The orchestral songs was premiered on 21 February 1932, in Frankfurt am Main, conducted by Hans Rosbaud with soprano Hertha Reinecke. The second movement was dedicated to student and fellow composer Anton Webern. It was eventually published by Universal Edition in Vienna, on 7 November 1917.

== Structure ==
The four songs are as follows:

The first of the songs, Seraphita, was composed in October 1913. The text comes from a poem by Ernest Dowson, translated by Stefan George. This is the most extended of the four songs with the vocal line separated by substantial orchestral interludes. The six clarinets open this song with a melody primarily based on seconds and thirds.

The second song was written from November to December 1914, taking a text from a collection of poetry entitled The Book of Hours, by Rainer Maria Rilke; it is found in the second volume, Das Buch von der Pilgerschaft (The Book of Pilgrimage).

The third song, which also comes from Rilke's The Book the Hours, Das Buch von der Armut und vom Tode (The Book of Poverty and Death), was written between December 1914 to January 1915 and is divided into three sections.
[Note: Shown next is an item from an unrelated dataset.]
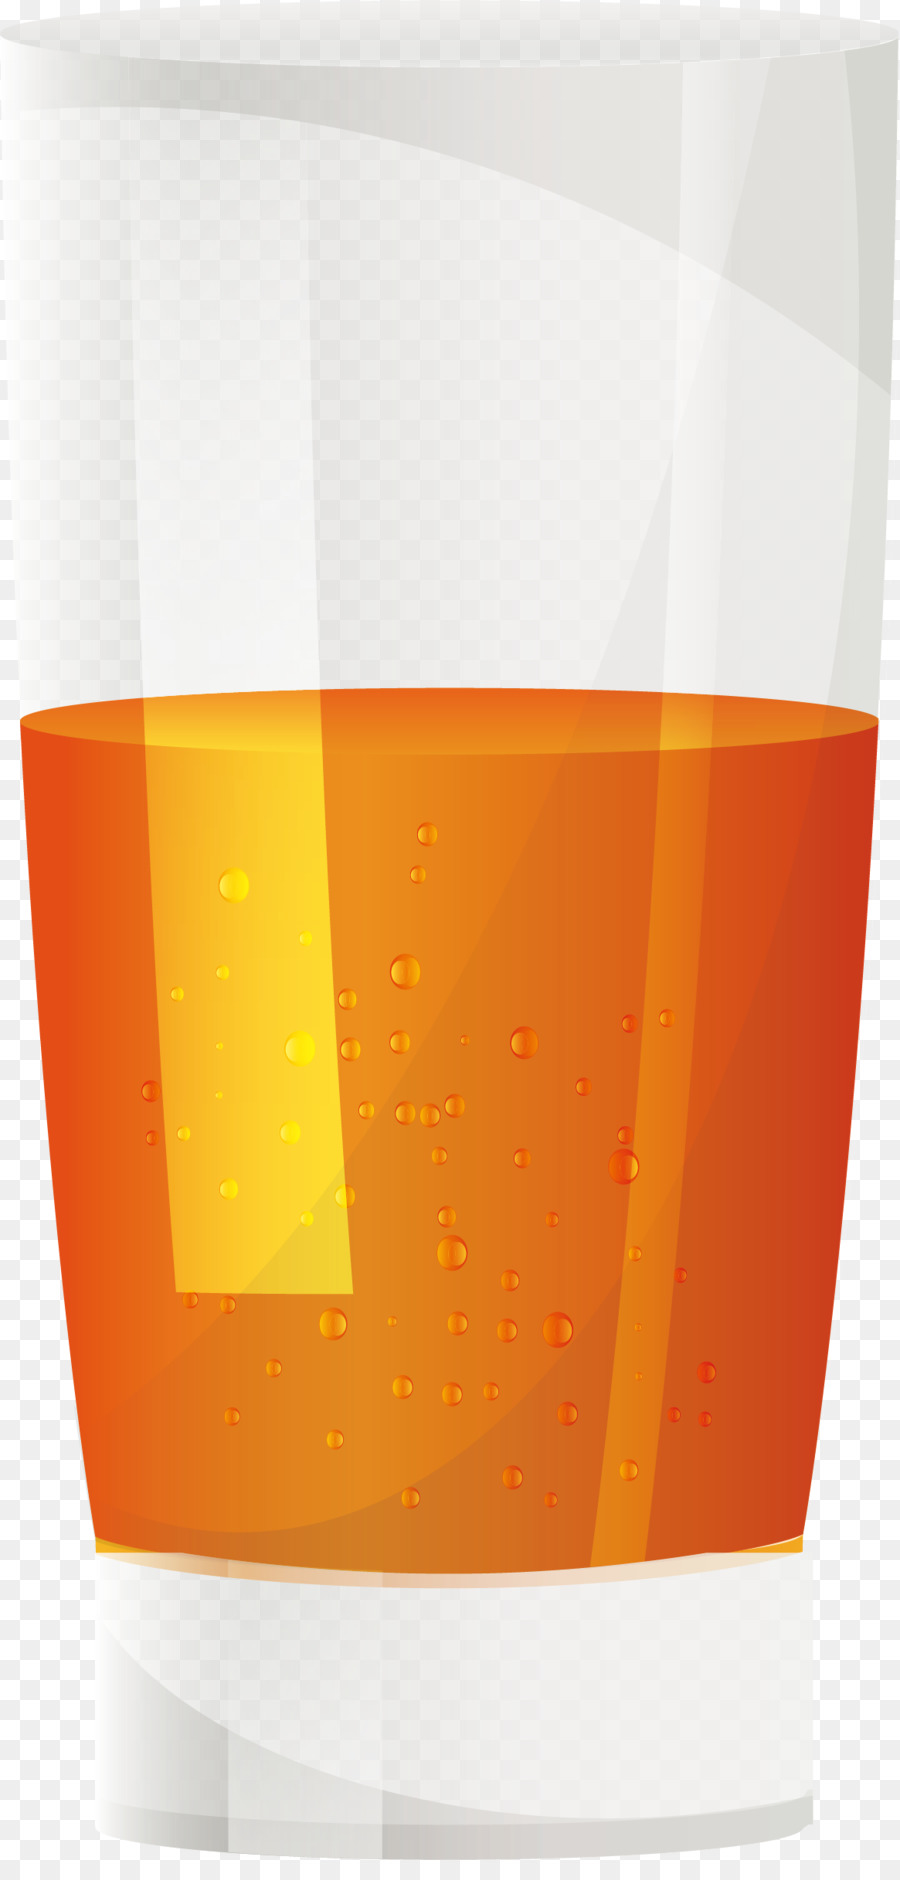 Nước cam Mềm uống Fresca - Một nửa cốc nước cam

The fourth and final song, Vorgefühle, was finished in July 1916 with the text coming from Rilke's The Book of Images.

== Arrangements ==
Felix Greissle wrote an arrangement of the whole set of songs in 1921. It was scored for a small ensemble which included a baritone, a piccolo, a flute, a clarinet, a bass clarinet, a violin, a viola, a violoncello, and a piano. The arrangement has only been recorded once by EMI, which was released in LP format. The performance of this recording was carried out by the Pierrot Ensemble Köln in August 1980.

== Notable recordings ==
The Philharmonia Orchestra recording on the Naxos label with the voice of Catherine Wyn-Rogers under the baton of Robert Craft. At the time of its release in 1998, it received a positive critical reception.